Output each of the entries exactly, skipping every picture they contain.
+++ Material for this exercise
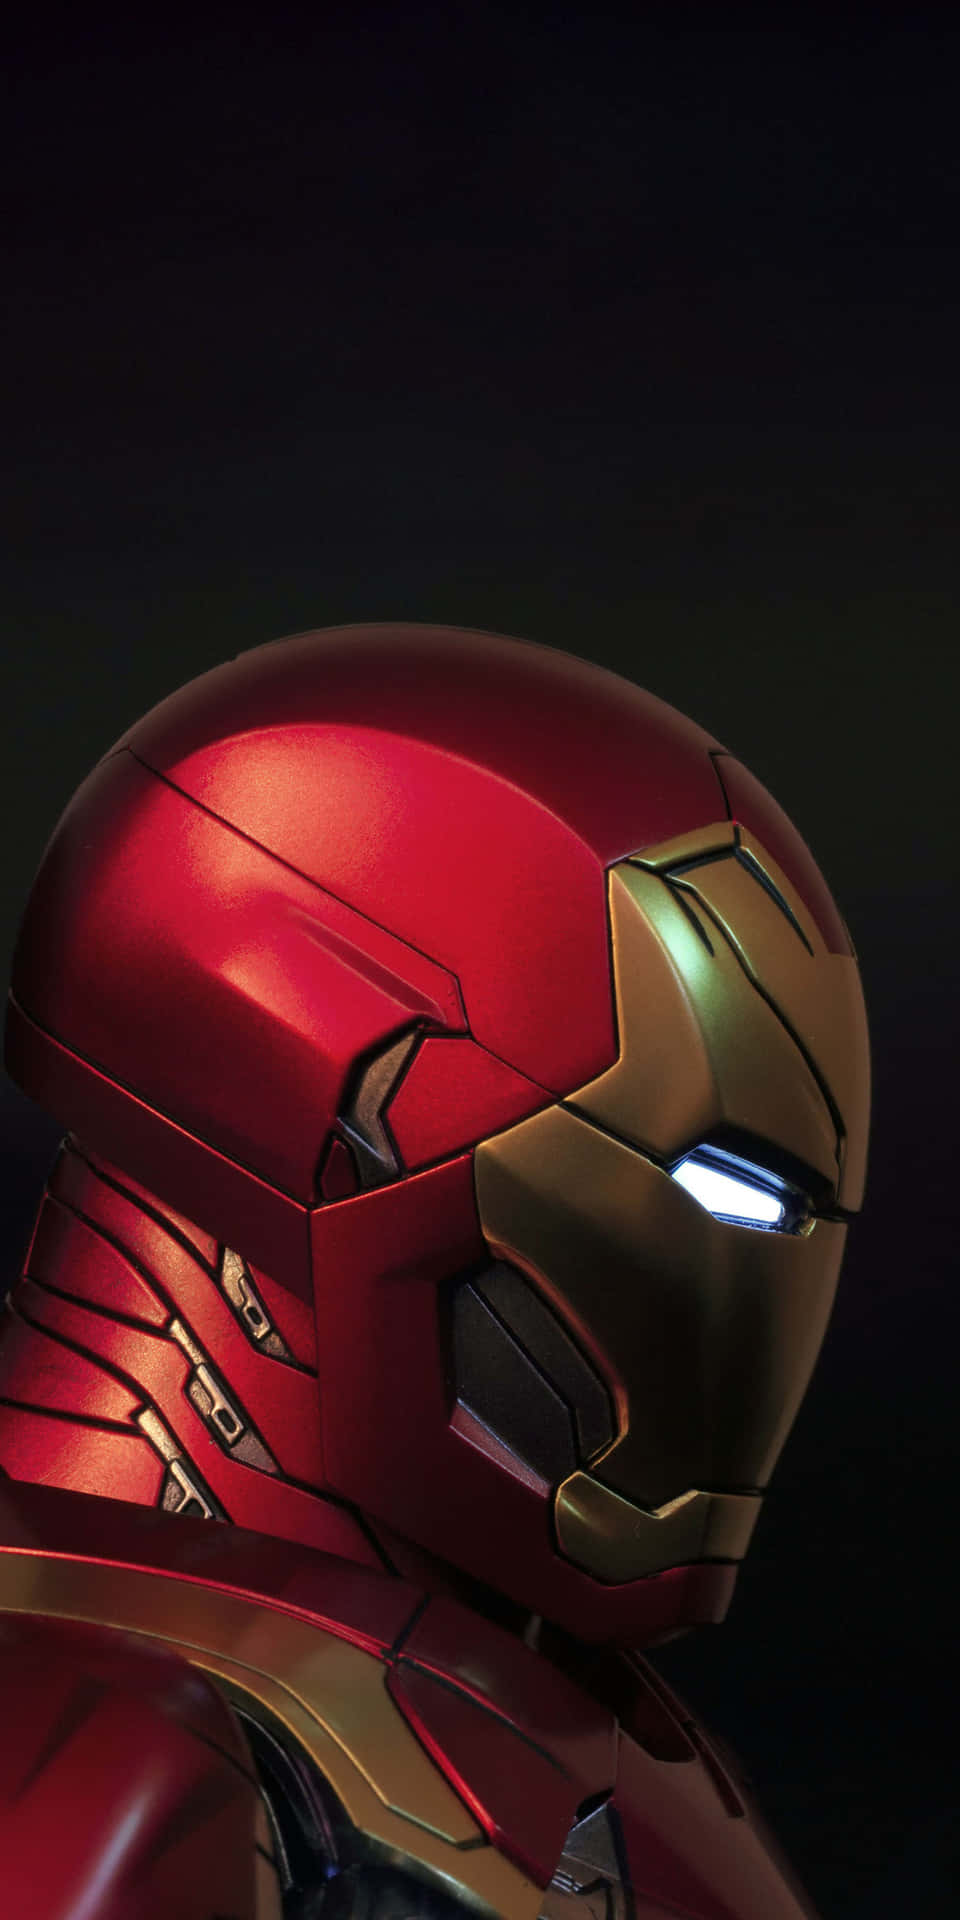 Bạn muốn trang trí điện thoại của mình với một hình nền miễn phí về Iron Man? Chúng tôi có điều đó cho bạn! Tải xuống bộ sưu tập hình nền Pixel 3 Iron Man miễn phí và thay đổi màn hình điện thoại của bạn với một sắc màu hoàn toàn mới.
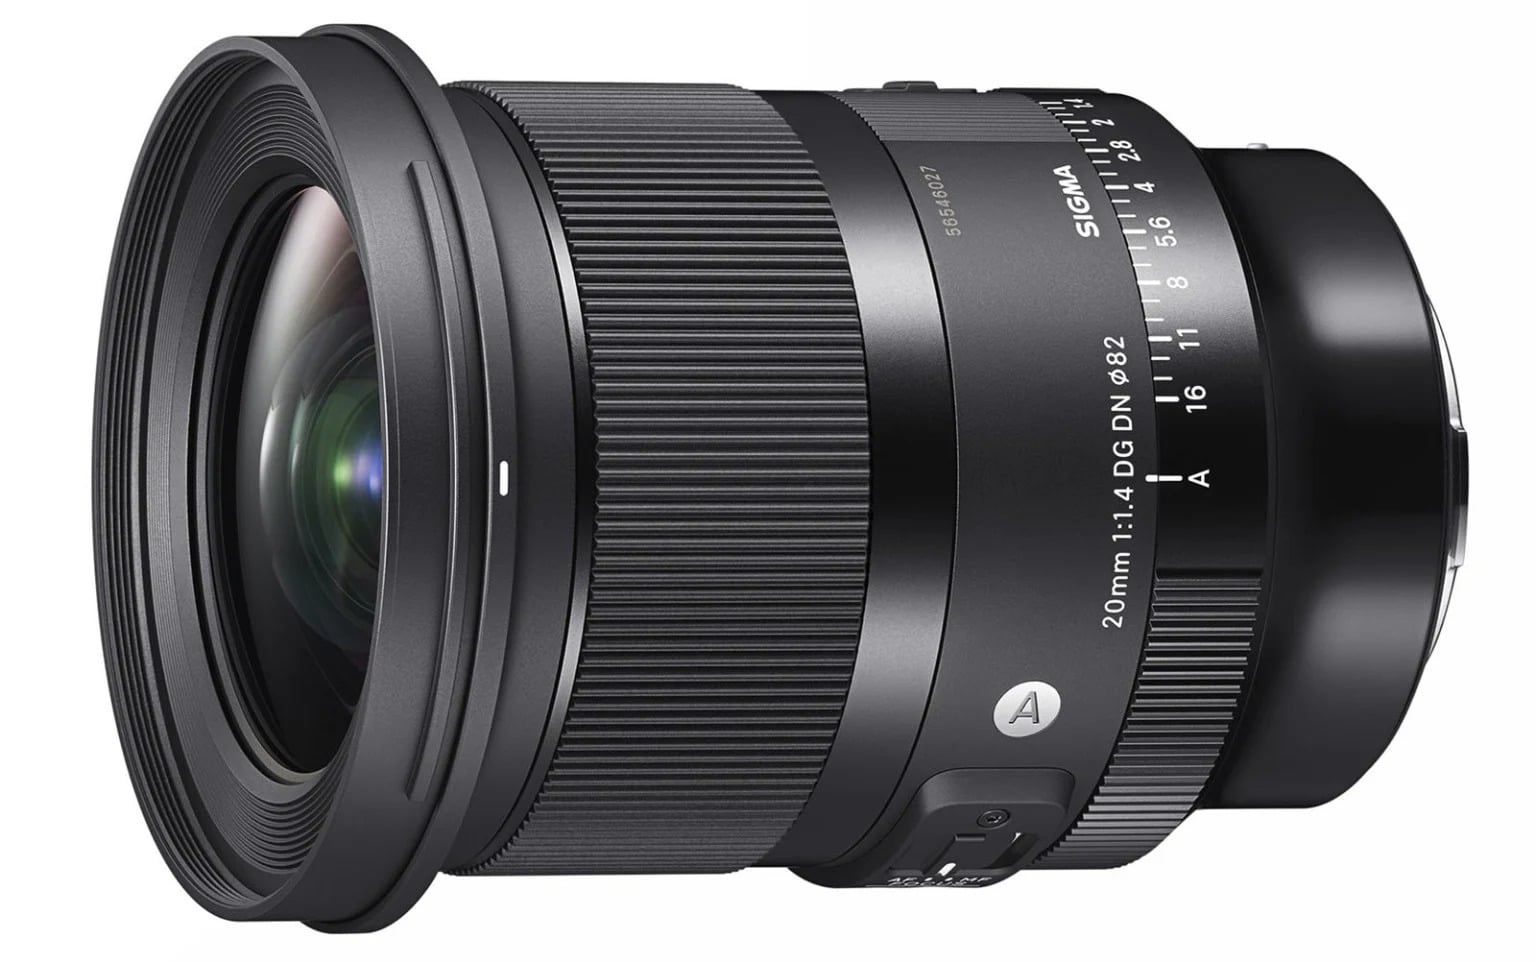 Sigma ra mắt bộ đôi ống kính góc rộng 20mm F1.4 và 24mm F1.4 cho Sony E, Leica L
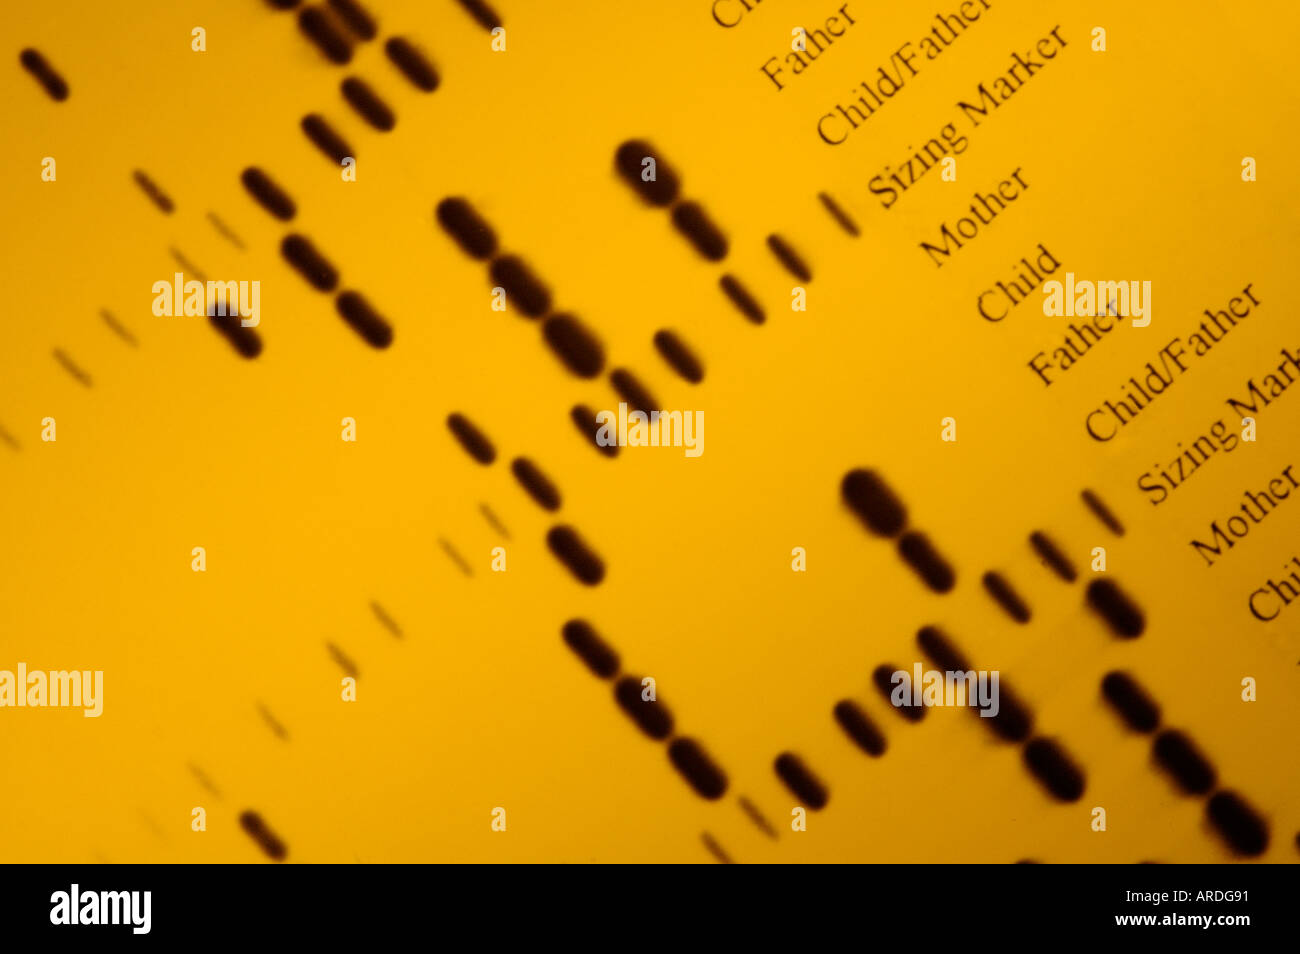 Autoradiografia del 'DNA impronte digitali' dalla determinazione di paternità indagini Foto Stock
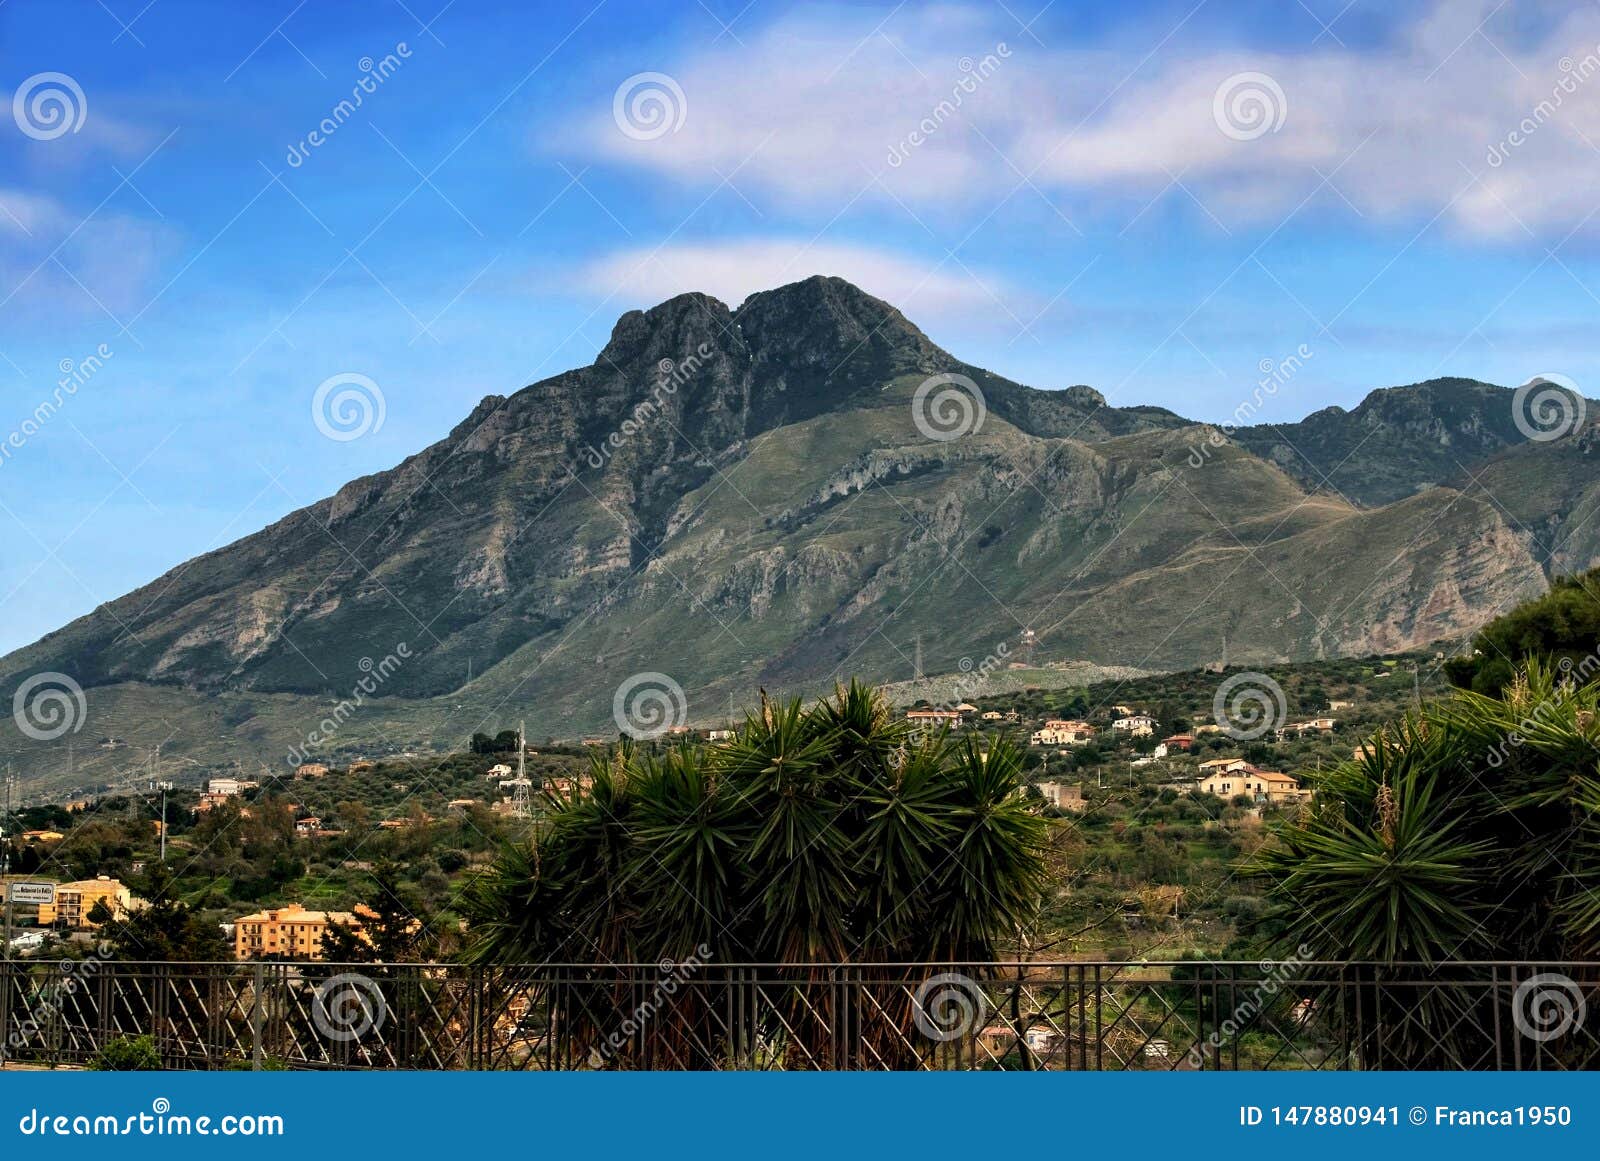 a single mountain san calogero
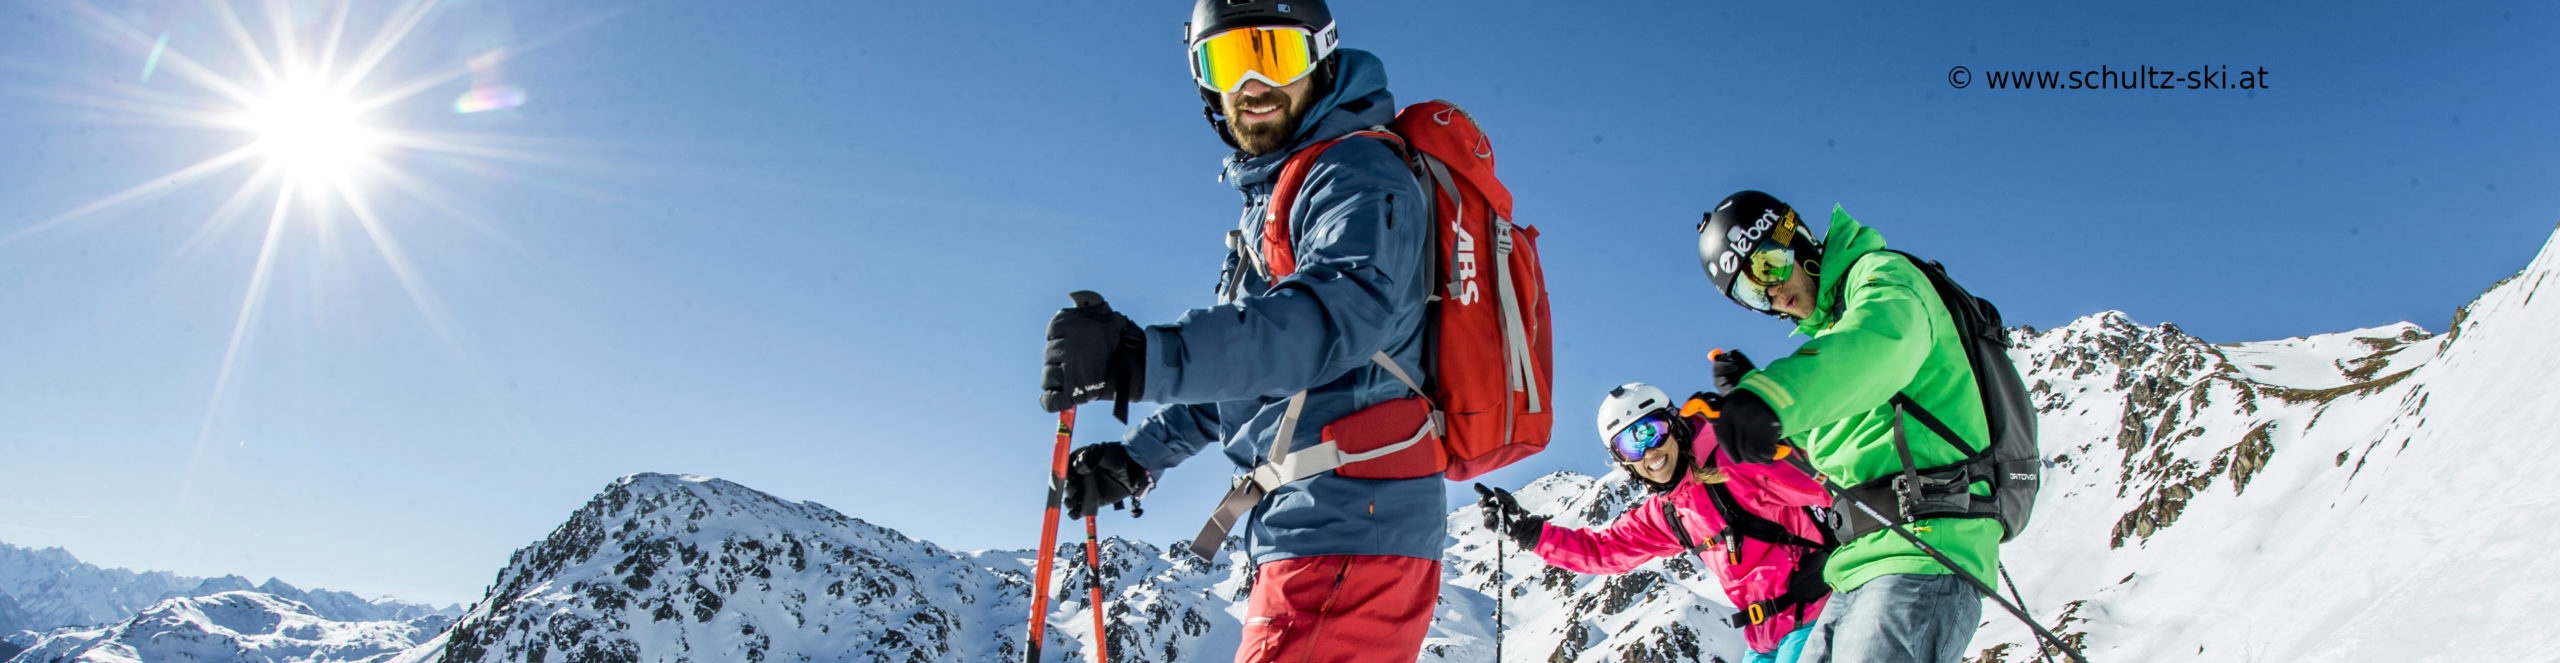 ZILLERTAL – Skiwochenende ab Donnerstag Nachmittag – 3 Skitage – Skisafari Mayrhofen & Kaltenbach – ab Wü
++++++
**Response area**
 Bạn muốn trang trí điện thoại của mình với một hình nền miễn phí về Iron Man? Chúng tôi có điều đó cho bạn! Tải xuống bộ sưu tập hình nền Pixel 3 Iron Man miễn phí và thay đổi màn hình điện thoại của bạn với một sắc màu hoàn toàn mới.
 Sigma ra mắt bộ đôi ống kính góc rộng 20mm F1.4 và 24mm F1.4 cho Sony E, Leica L
 Autoradiografia del 'DNA impronte digitali' dalla determinazione di paternità indagini Foto Stock
 a single mountain san calogero
 ZILLERTAL – Skiwochenende ab Donnerstag Nachmittag – 3 Skitage – Skisafari Mayrhofen & Kaltenbach – ab Wü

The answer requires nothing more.